Wilbanks says that Science Commons has been working for several years to build up a library of these scientific entities. “What Microsoft has done is to build plugins that work essentially the same way you’d use spell check, they can check for the words in their paper that have hyperlinks in our open knowledge base, and then mark them up.”

That might sound fine – after all, the plugins are open source, right? But no. Here’s the problem:

Wilbanks said that Word is, in his experience, the dominant publishing system used in the life sciences, although tools like LaTex are popular in disciplines such as chemistry or physics. And even then, he says it’s probably the place that most people prepare drafts. “almost everything I see when I have to peer review is in a .doc format.”

In other words, he doesn’t see any problem with perpetuating Microsoft’s stranglehold on word processing.
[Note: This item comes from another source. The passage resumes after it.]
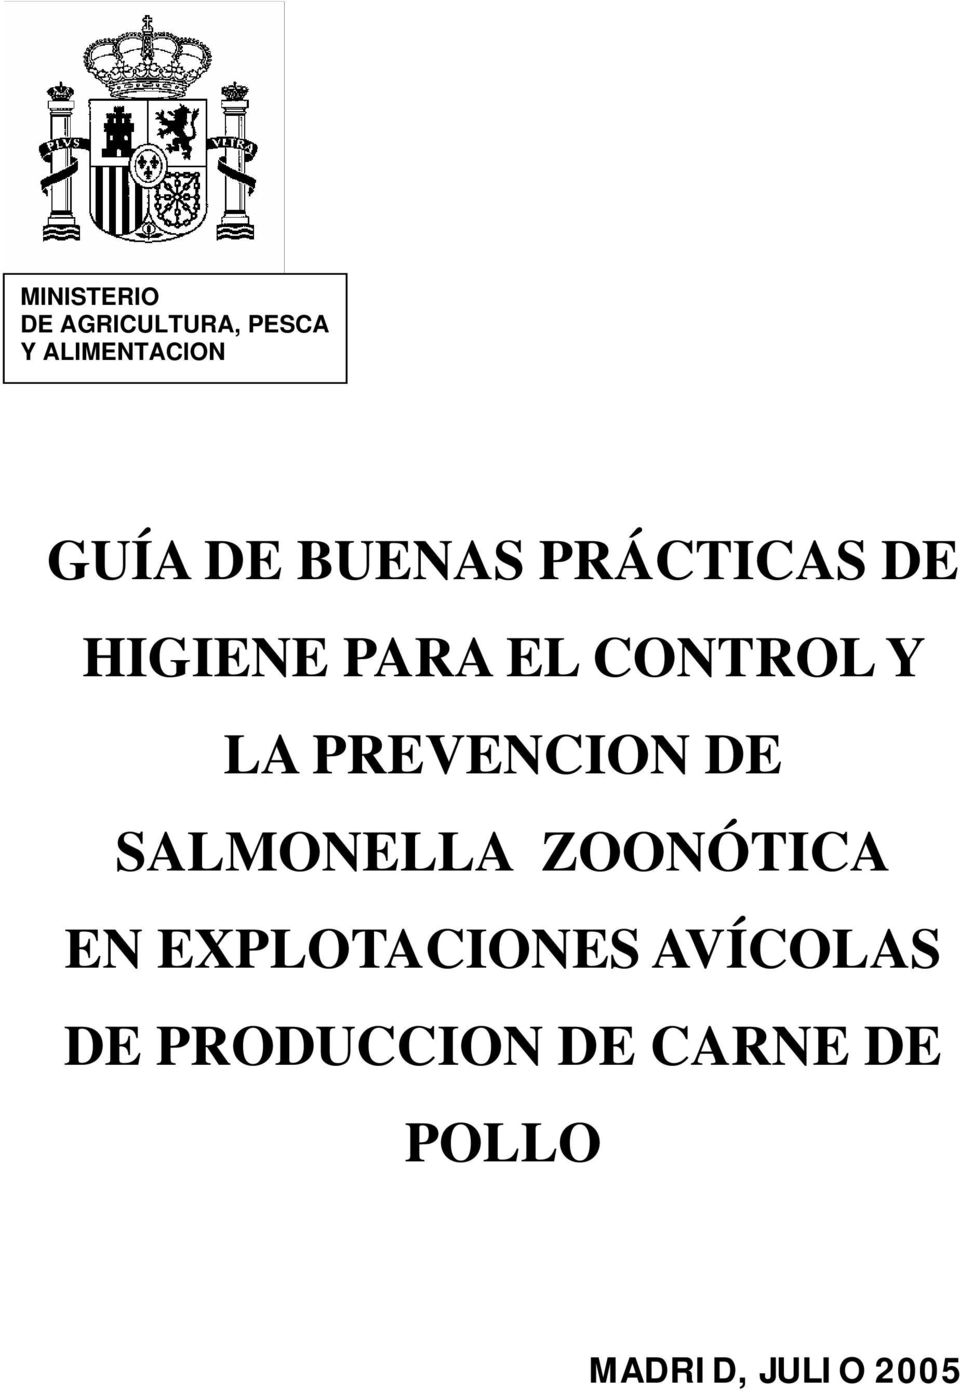 PREVENCION DE SALMONELLA ZOONÓTICA EN EXPLOTACIONES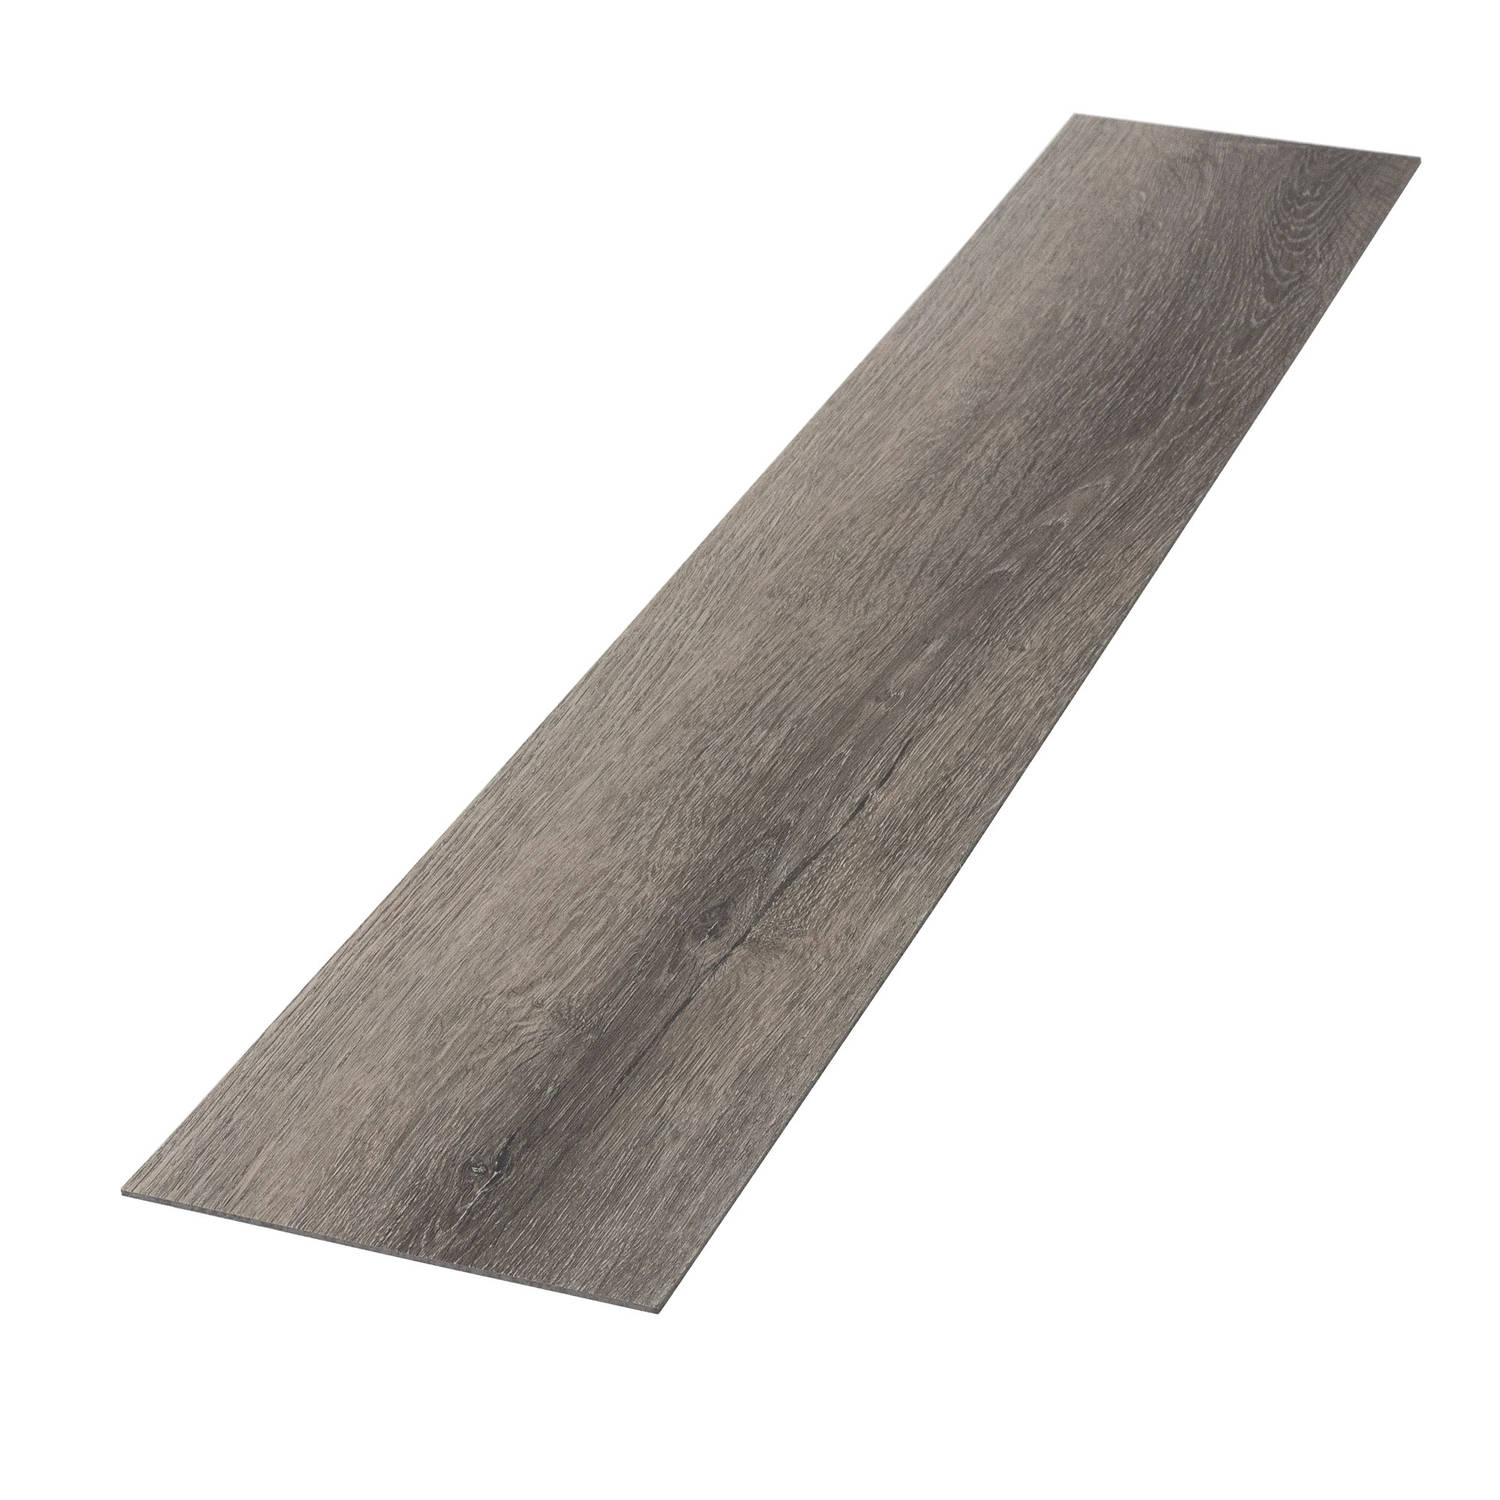 Deluxe PVC klevende vinylvloer voor 2,3 m² grenen grijs 2 mm dik ML-Design

But it has consistently abused that monopoly by using its proprietary data formats to lock out commercial rivals or free alternatives, and push through pseudo-standards like OOXML that aren’t truly open, and which have essentially destroyed ISO as a legitimate forum for open standards.
Working with Microsoft on open source plugins might seem innocent enough, but it’s really just entrenching Microsoft’s power yet further in the scientific community, weakening openness in general – which means, ultimately, undermining all the other excellent work of the Science Commons.
It would have been far better to work with to produce similar plugins, making the free office suite even more attractive, and thus giving scientists yet another reason to go truly open, with all the attendant benefits, rather than making do with a hobbled, faux-openness, as here.

PMR: First the facts. My group are funded by Microsoft to work on Chem4Word – an Add-in for chemistry in Word2007 – and also as part of the OREChem communal project organizing semantic chemistry under ORE. I personally get no financial reward other than meetings in Seattle. The Add-in will be Open Source.

To state my position on the various potential concerns…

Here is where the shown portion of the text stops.